Download or read book A Companion to American Indian History written by Philip J. Deloria and published by John Wiley & Sons. This book was released on 2008-04-15 with total page 528 pages. Available in PDF, EPUB and Kindle. Book excerpt: A Companion to American Indian History captures the thematic breadth of Native American history over the last forty years. Twenty-five original essays by leading scholars in the field, both American Indian and non-American Indian, bring an exciting modern perspective to Native American histories that were at one time related exclusively by Euro-American settlers. Contains 25 original essays by leading experts in Native American history. Covers the breadth of American Indian history, including contacts with settlers, religion, family, economy, law, education, gender issues, and culture. Surveys and evaluates the best scholarship on every important era and topic. Summarizes current debates and anticipates future concerns.

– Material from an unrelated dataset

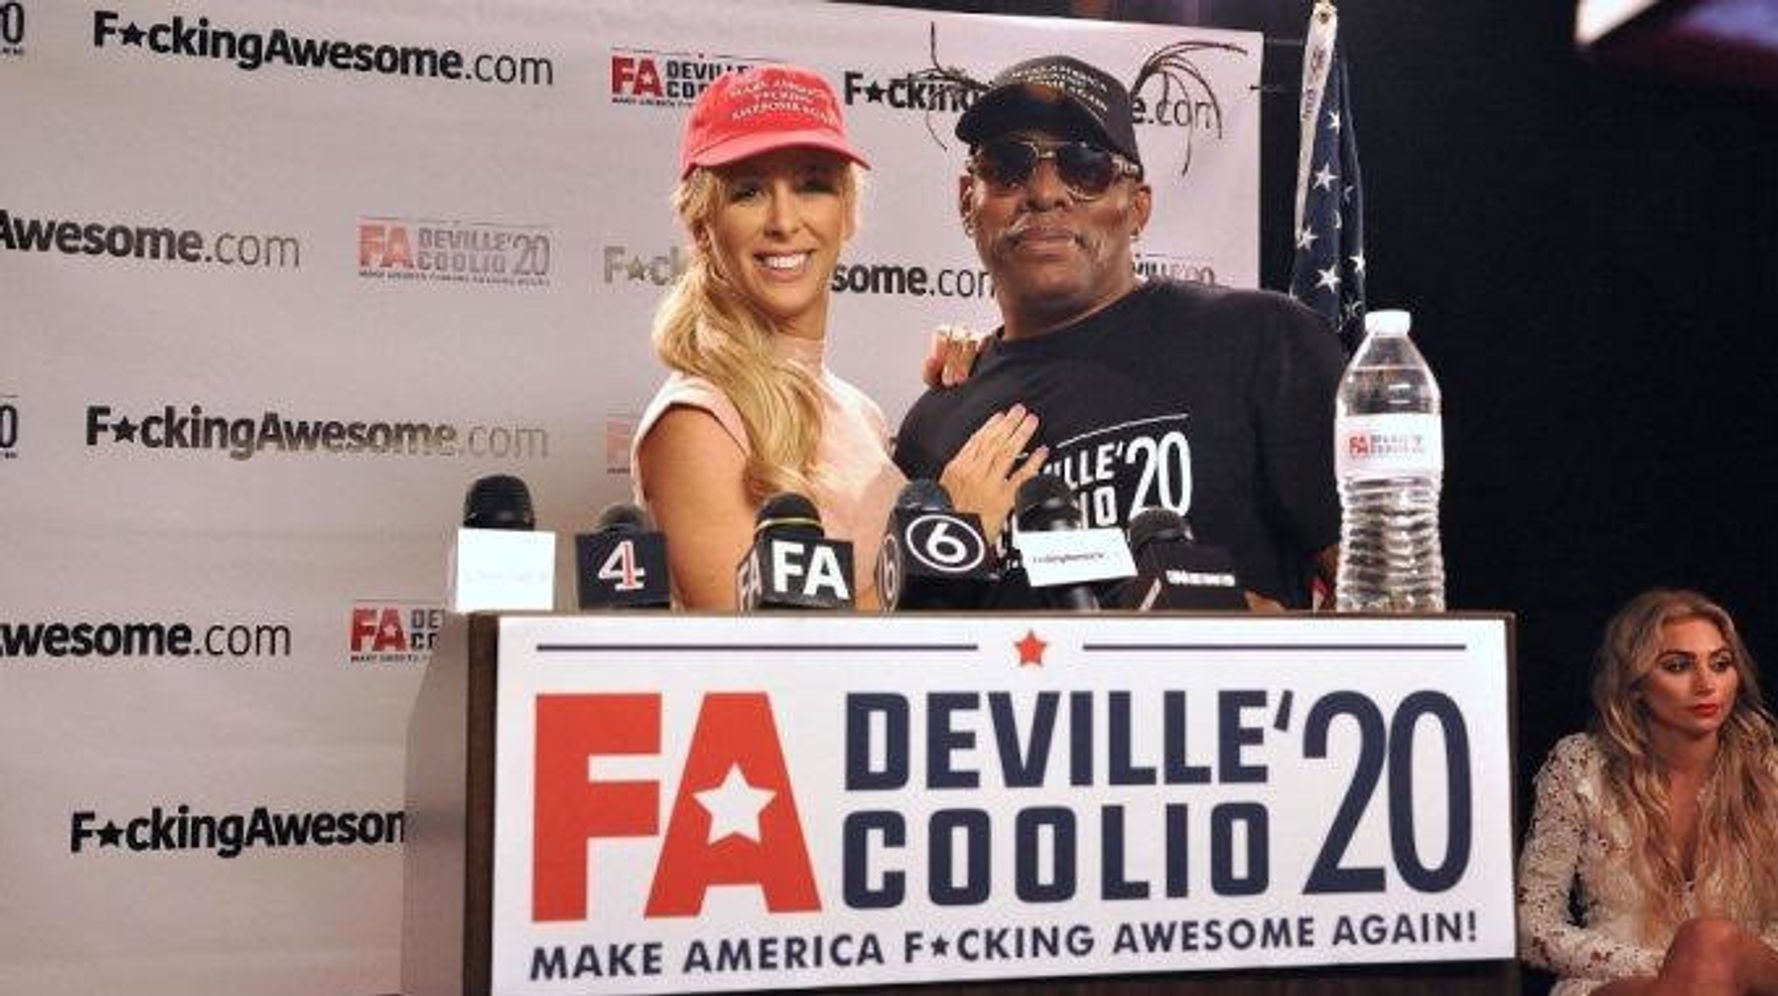 Porn Star Considers Presidential Run With Coolio As VP | HuffPost UK News

Download or read book The White Earth Tragedy written by Melissa L. Meyer and published by U of Nebraska Press. This book was released on 1999-05-01 with total page 358 pages. Available in PDF, EPUB and Kindle. Book excerpt: This compelling interdisciplinary history of an Anishinaabe community at the White Earth Reservation in Minnesota offers a subtle and sophisticated look at changing social, economic, and political relations among the Anishinaabeg and reveals how cultural forces outside of the reservation profoundly affected their lives.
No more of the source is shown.